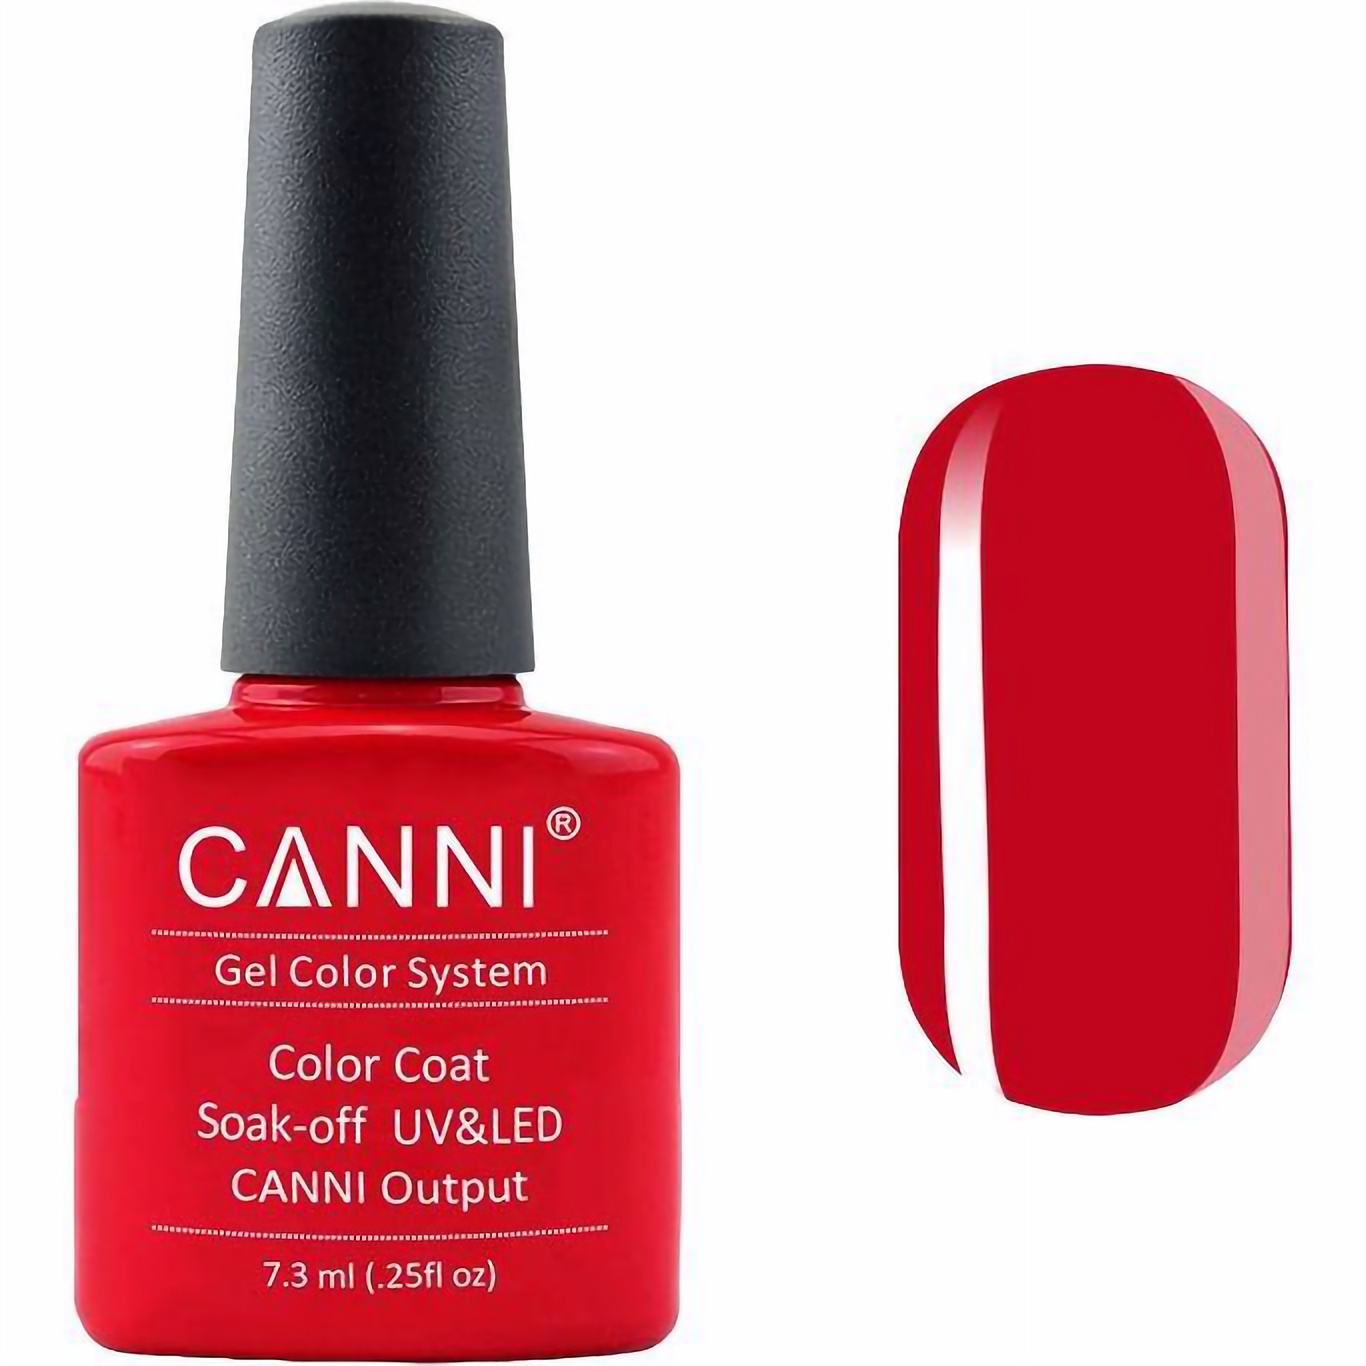 Гель-лак Canni Color Coat Soak-off UV&LED 105 яркий красный 7.3 мл - фото 1
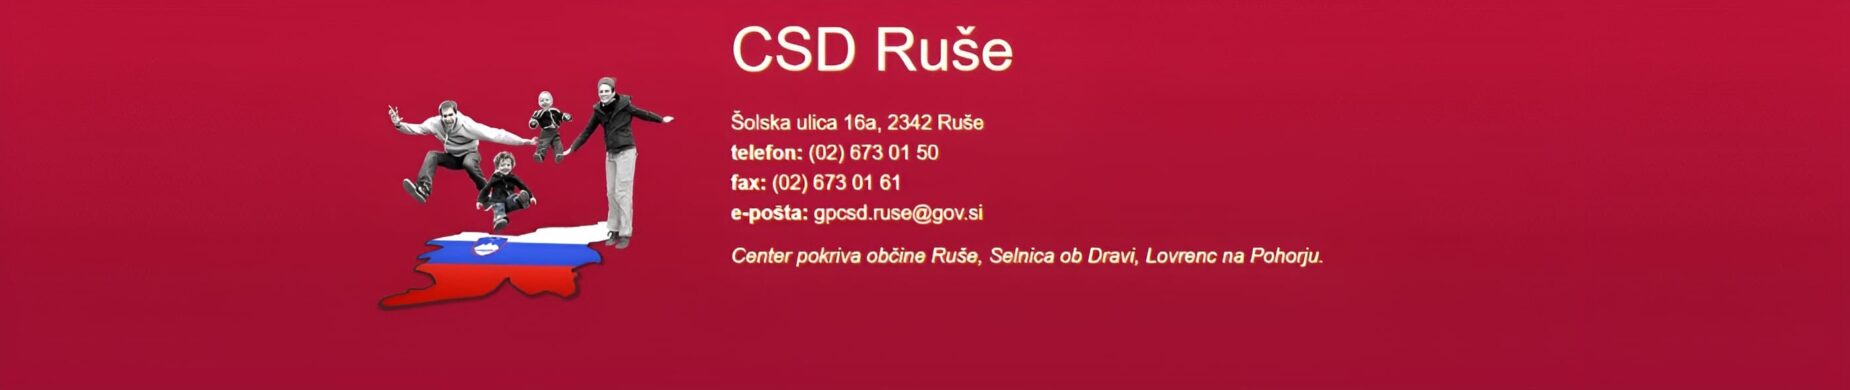 CSD Ruse slider
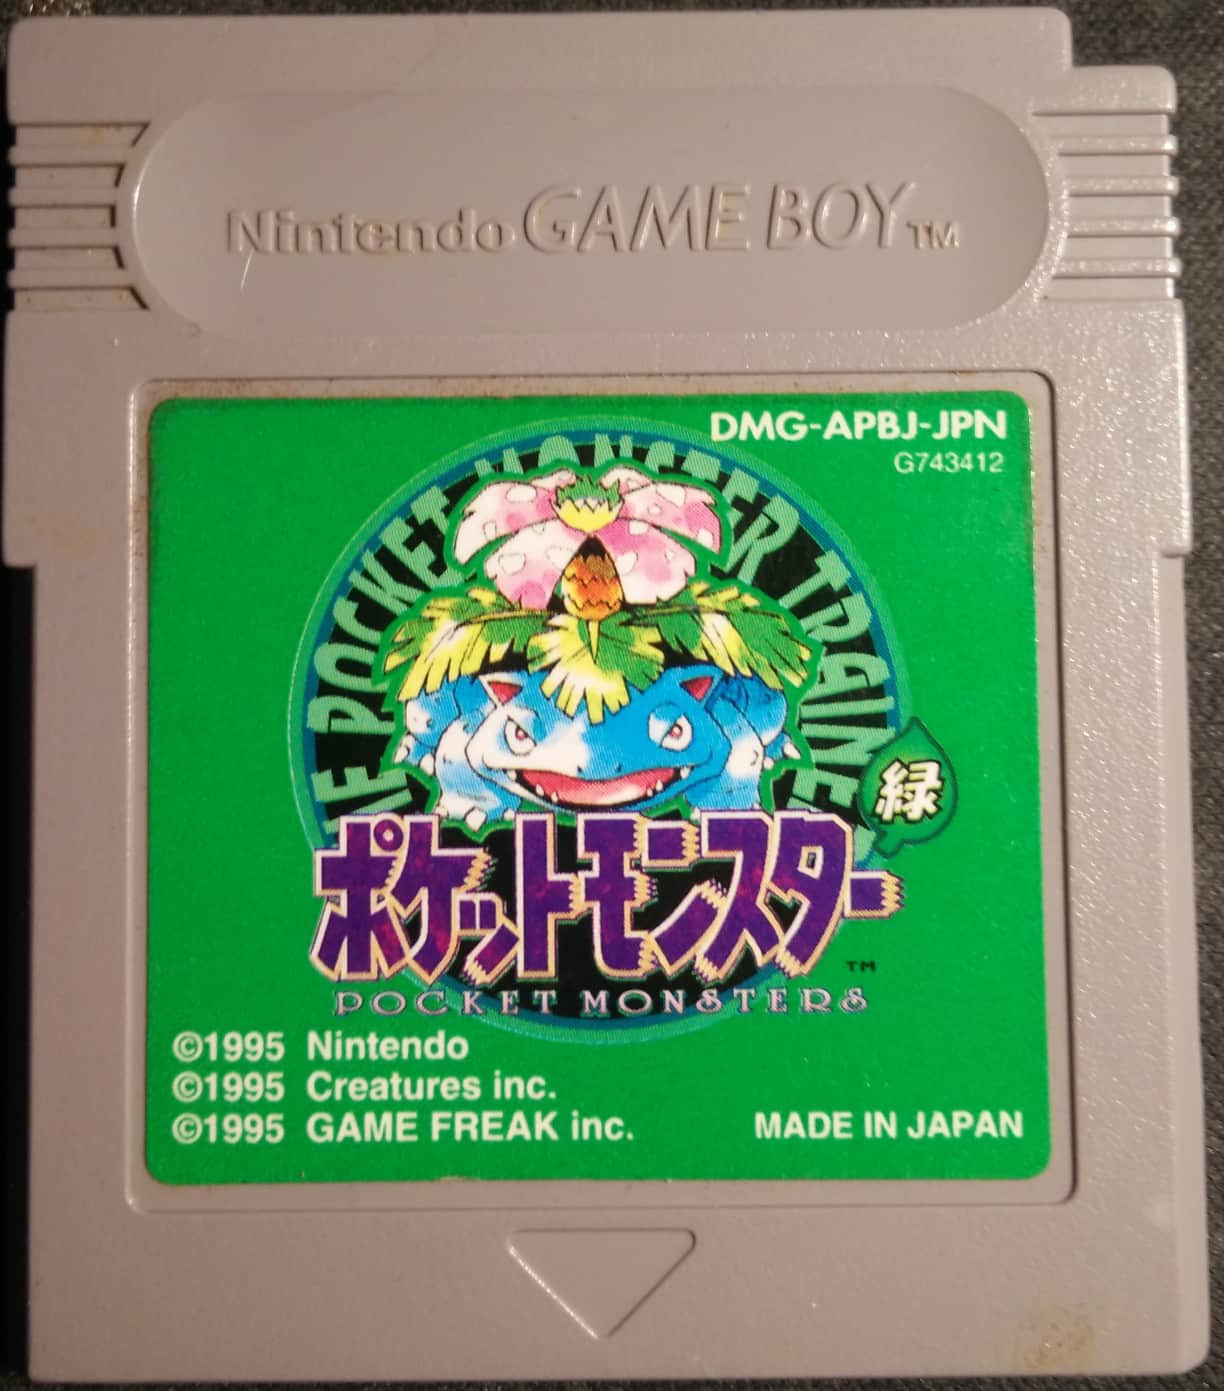 Pocket Monsters - Midori (Japan) (Rev 1) (SGB Enhanced) - Game Boy
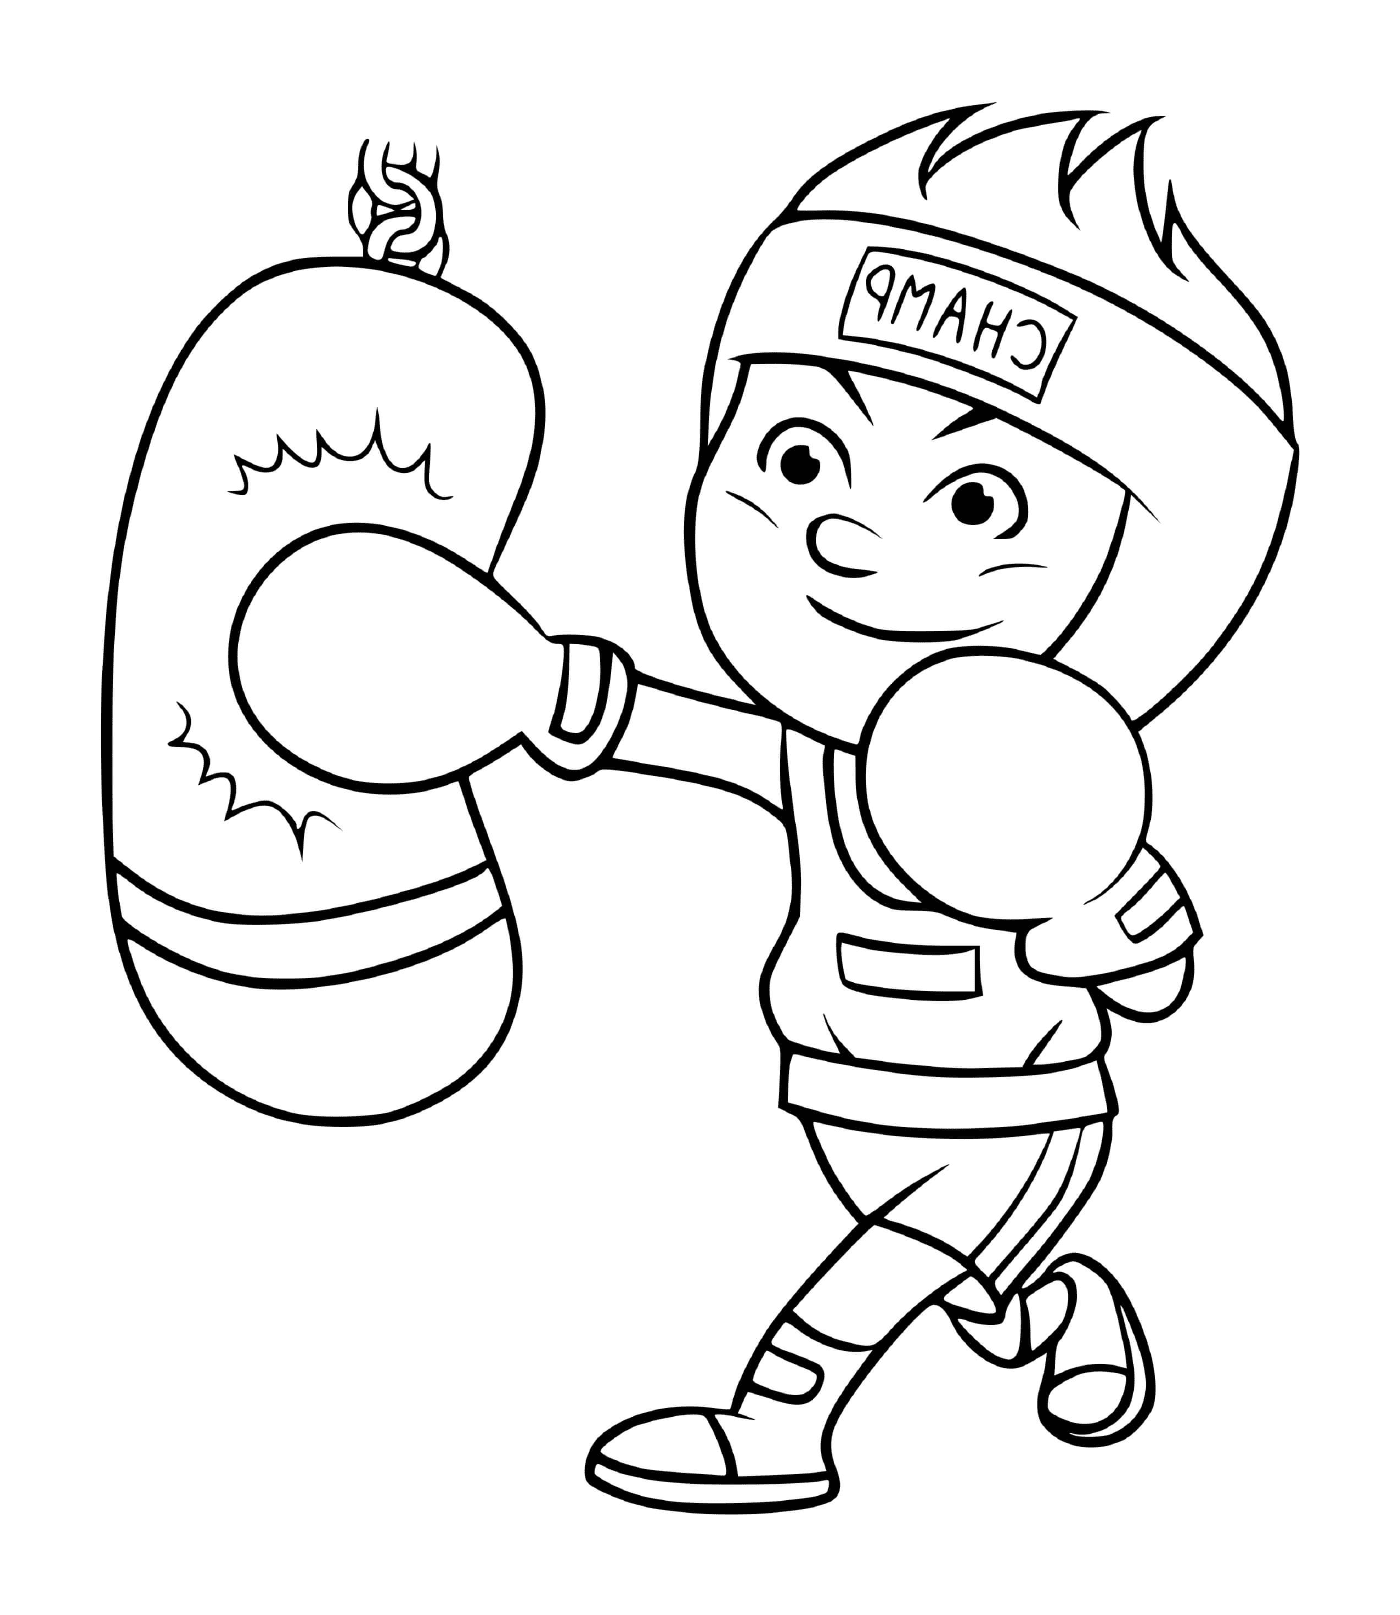  Ein junger Junge trainiert, um Boxmeister zu werden 
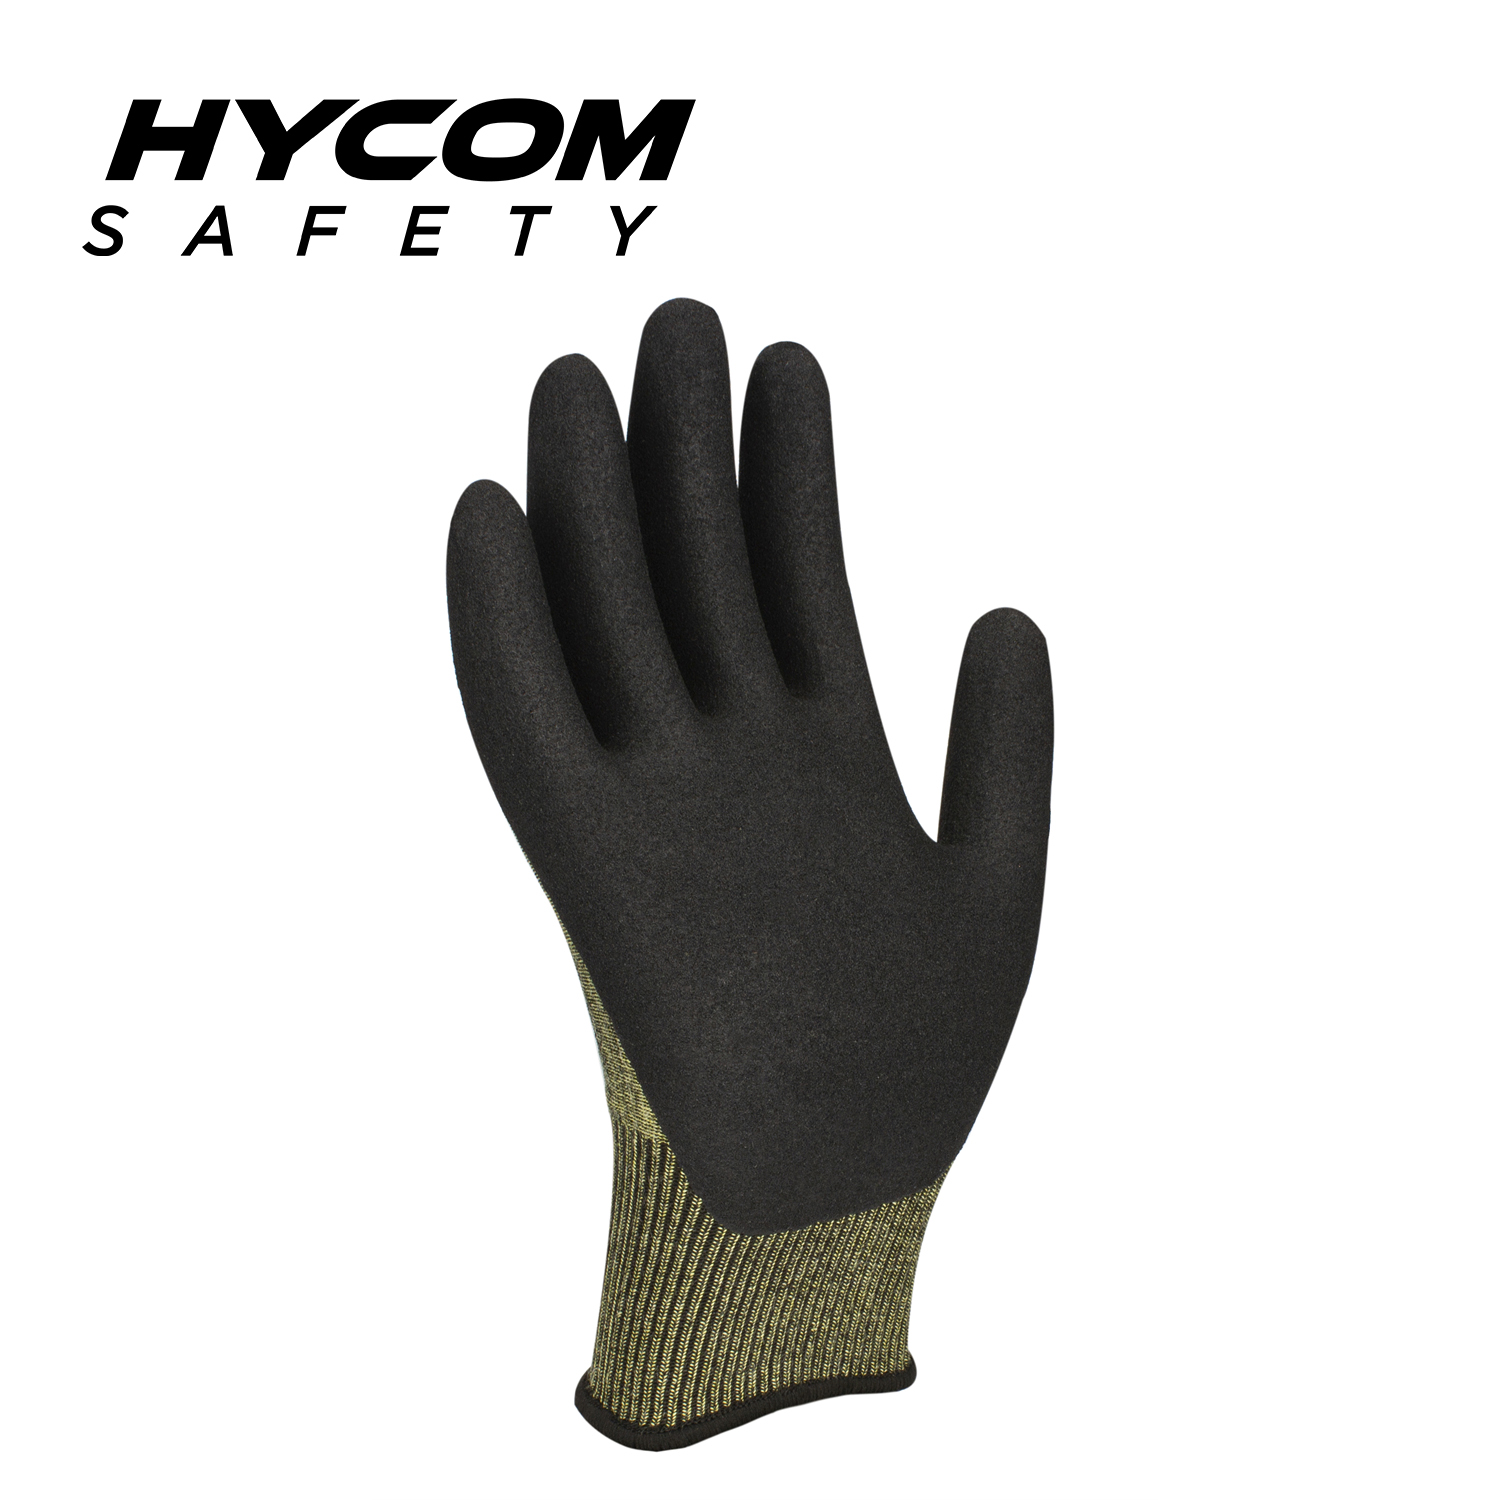 HYCOM 15G ANSI 4 Guantes de aramida resistentes a cortes recubiertos con espuma de nitrilo Guantes de trabajo de seguridad
════════════════════
Exact repetition of each line above is expected; images are to be omitted.

 Гель-лак Canni Color Coat Soak-off UV&LED 105 яркий красный 7.3 мл - фото 1
 CSD Ruse slider
 Pocket Monsters - Midori (Japan) (Rev 1) (SGB Enhanced) - Game Boy
  Ein junger Junge trainiert, um Boxmeister zu werden 
 HYCOM 15G ANSI 4 Guantes de aramida resistentes a cortes recubiertos con espuma de nitrilo Guantes de trabajo de seguridad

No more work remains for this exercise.